Received: 10 December 2011

Accepted: 7 February 2012

Published: 7 February 2012



Choline is a new PET tracer that is useful for the detection of malignant tumor. Choline is a precursor of the biosynthesis of phosphatidylcholine, a major phospholipid in the cell membrane of eukaryotic cells. Malignant tumors have an elevated level of phosphatidylcholine in cell membrane. Thus, choline is a marker of tumor malignancy.


The patient was a 51-year-old man with repeated recurrent hemangiopericytoma in the skull base. We performed Choline-PET in this patient after various treatments and compared findings with those of FDG-PET.


Choline accumulated in this tumor, but FDG did not accumulate.
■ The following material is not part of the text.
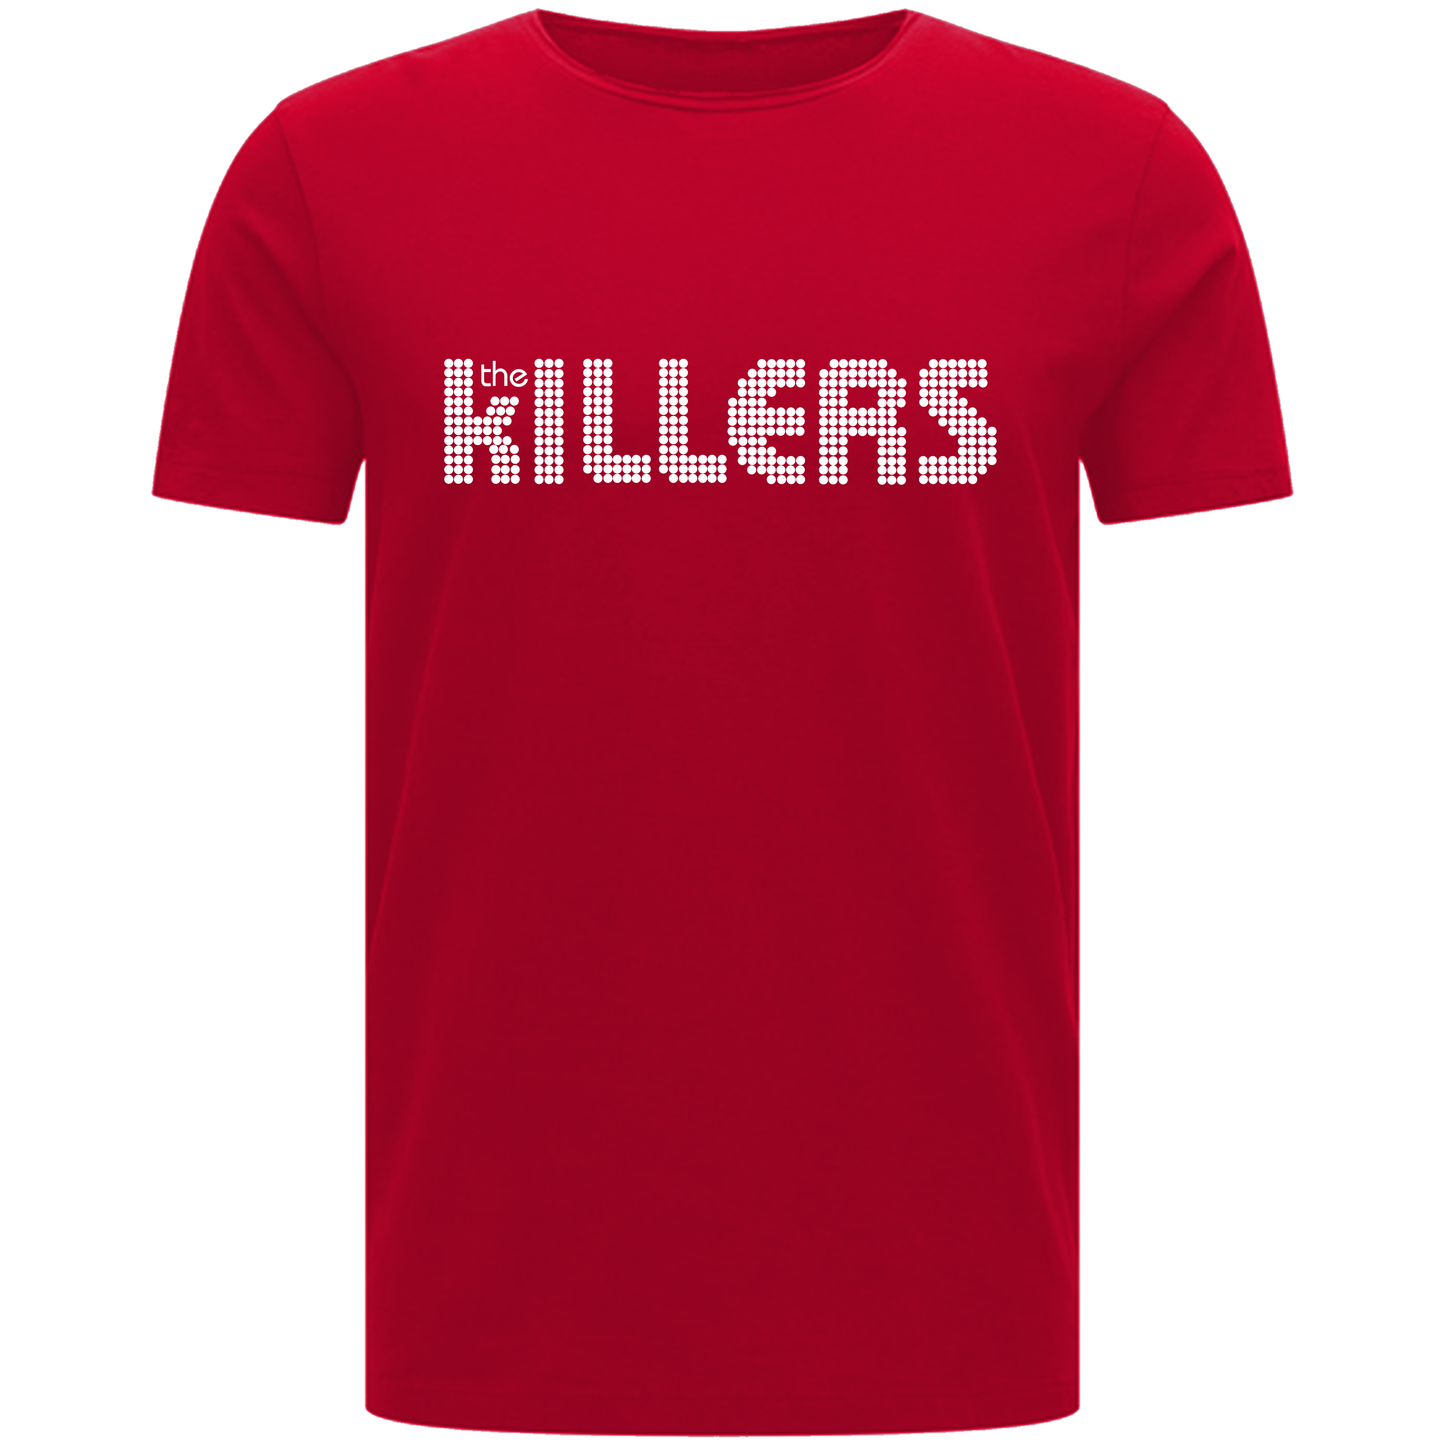 Top Rock Band The Killers Men\'s – Personalise Lovers Rock T-shirt Music Logo ASR Fashion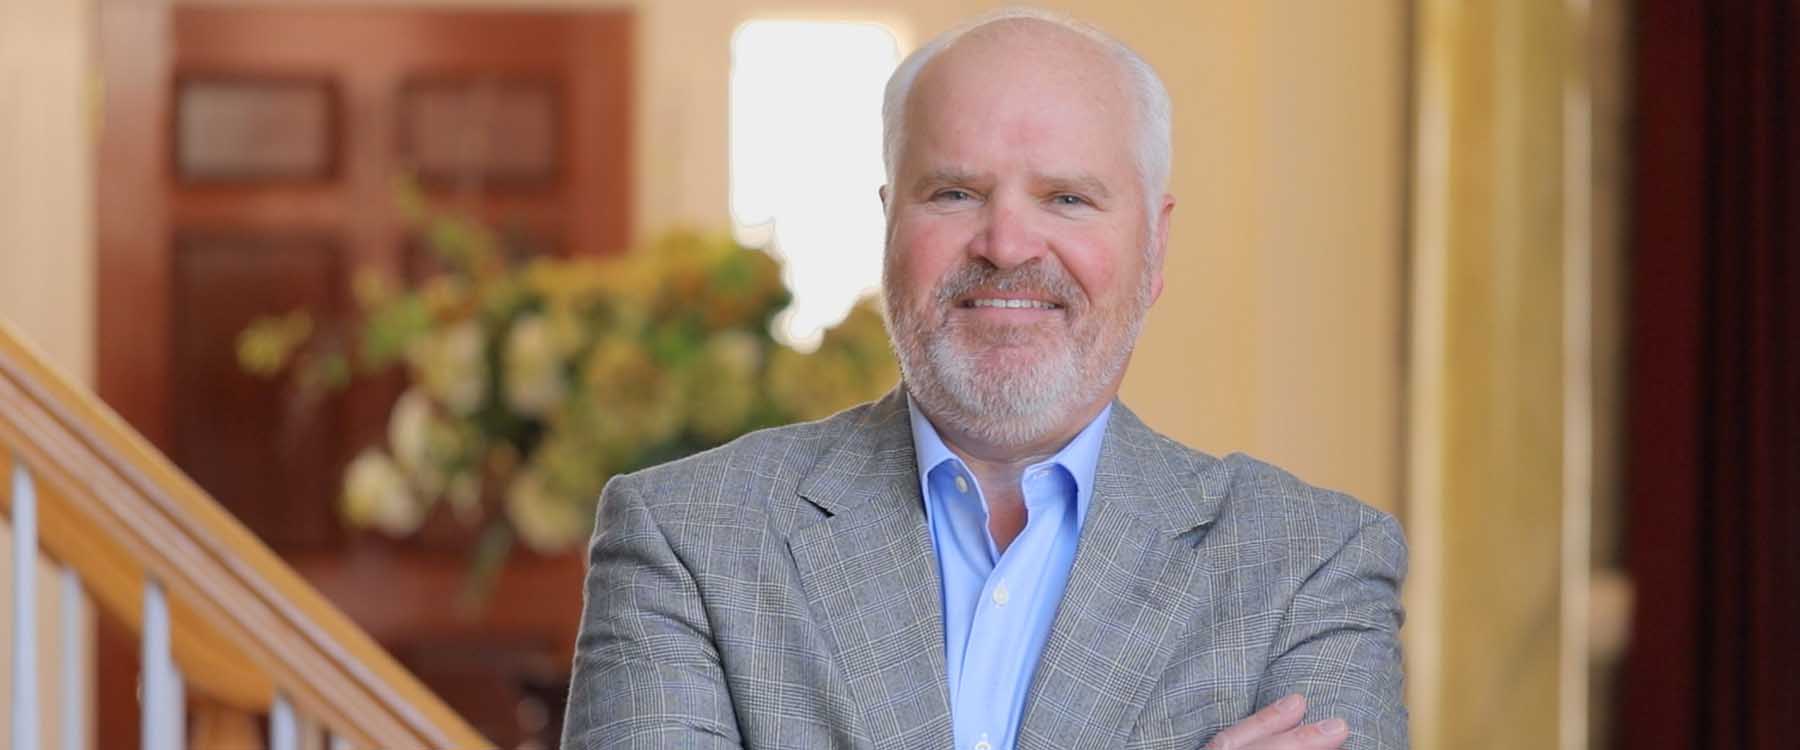 A $2.5 million gift from Robert A. Niblock ’84 will establish the Niblock Scholars Program to directly support students in his alma mater’s Belk College of Business at UNC Charlotte.

We diagnosed this tumor as residual hemangiopericytoma and performed the resection of the residual tumor. FDG-PET is not appropriate for skull base tumor detection because uptake in the brain is very strong.


We emphasize the usefulness of Choline-PET for the detection of residual hemangiopericytoma in the skull base after various treatments, compared with FDG-PET.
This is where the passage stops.